И так дальше рассказывал Мирза, а потом снова оборвался и посмотрел на Ганю. Девочка теперь действительно спала. Измучена она была ужасно, настрадалась вволю и потому уснула крепко. Мы с Селимом оба почти не смели перевести дыхания; чтобы не разбудить её. А Ганя дышала спокойно, ровно. Селим подпёр голову рукою и глубоко задумался, я поднял глаза кверху и мне казалось, что я на крыльях ангелов улетаю в небесное пространство. Я не сумею передать сладкого чувства, которое охватило всего меня, при сознании, что это маленькое, дорогое мне существо спит спокойно и так доверчиво на моей груди. Какая-то дрожь пробегала по моему телу, какие-то новые, незнакомые, не земные голоса начали пробуждаться в моей душе и слагаться в стройный хор. О, как я любил Ганю! Как я любил её ещё любовью брата и защитника, но без границы и меры!

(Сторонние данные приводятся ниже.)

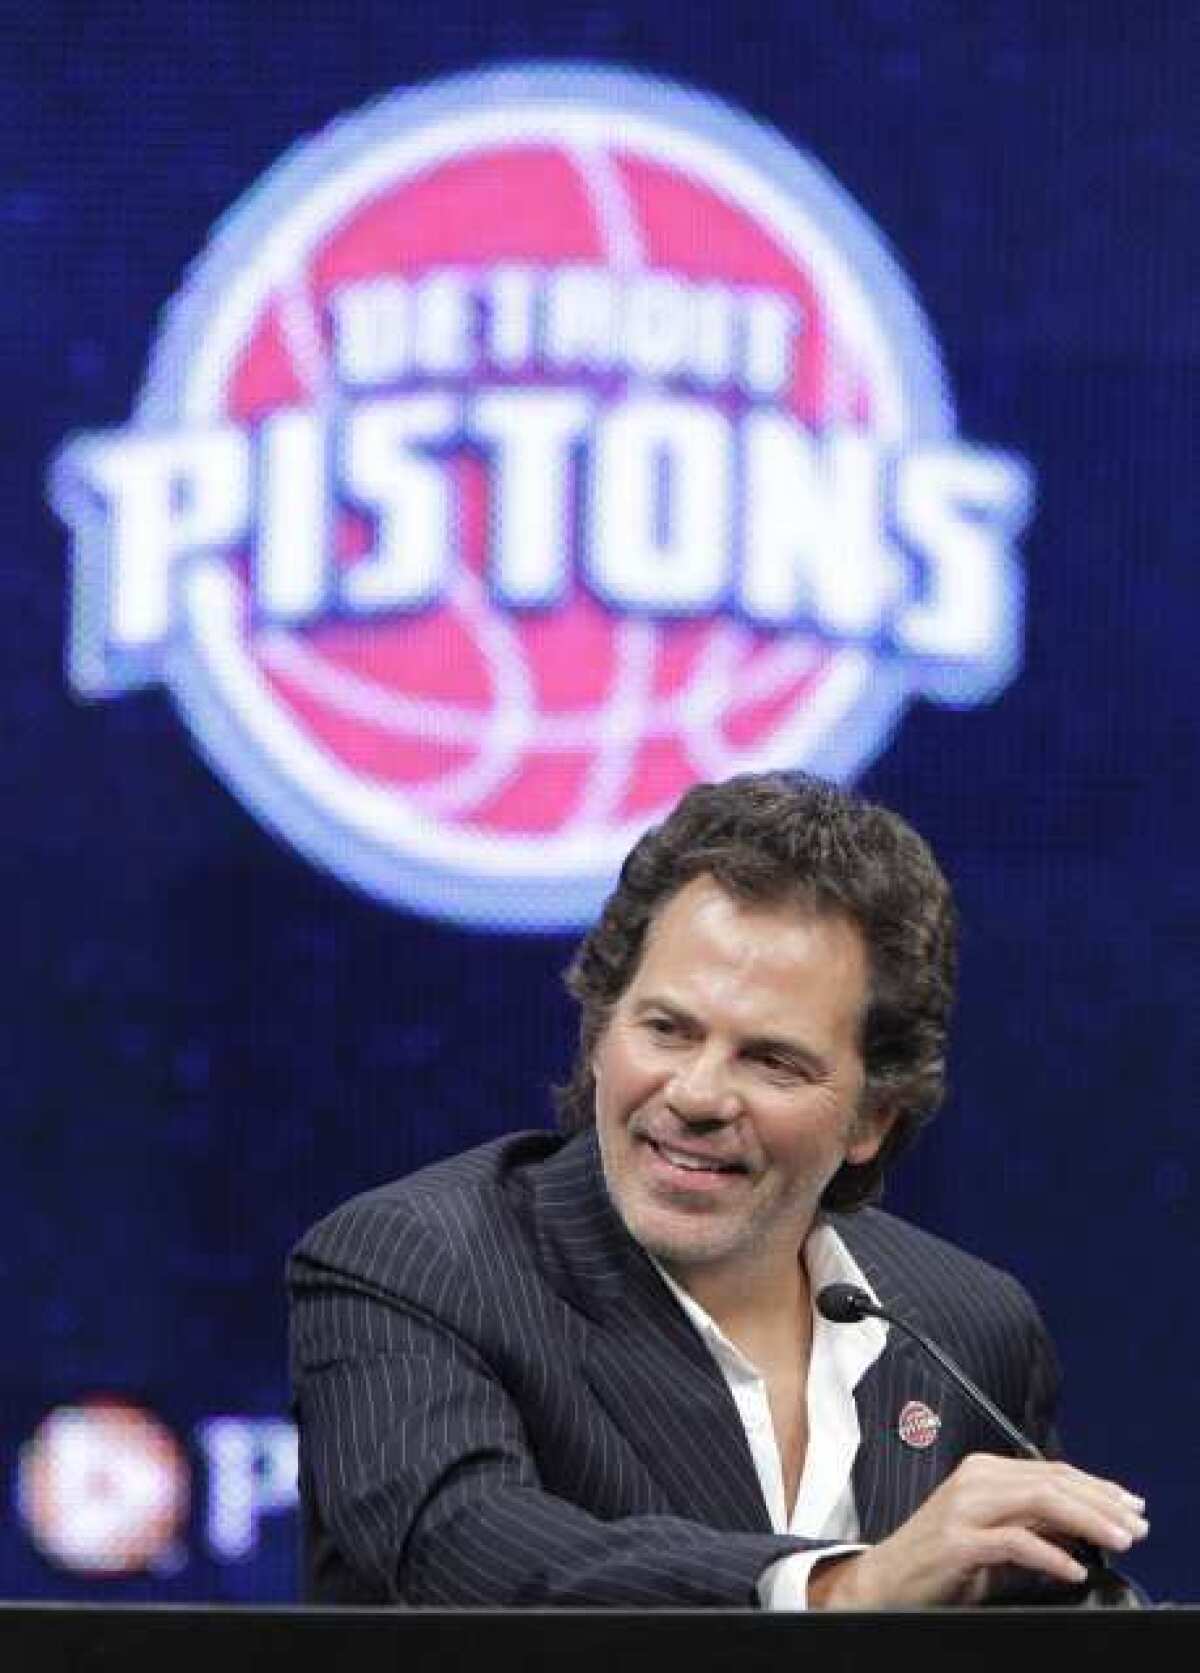 Detroit Pistons owner Tom Gores addresses the media at the Palace of Auburn Hills in Auburn Hills, Mich.

Потихоньку я приблизил губы к выбившемуся локтю Гани и поцеловал его. В этом не было ничего земного, потому что и её и мой поцелуй были одинаково невинны.

Вдруг Мирза вздрогнул и пробудился от задумчивости.

— Какой ты счастливый, Генрик! — прошептал он.

— Да, Селим.

Но, однако, не могли же мы вечно оставаться в таком положении.

— Не станем будить её, а перенесём в её комнату, — сказал мне Мирза.

— Я и один перенесу, а ты только отворяй двери, — ответил я.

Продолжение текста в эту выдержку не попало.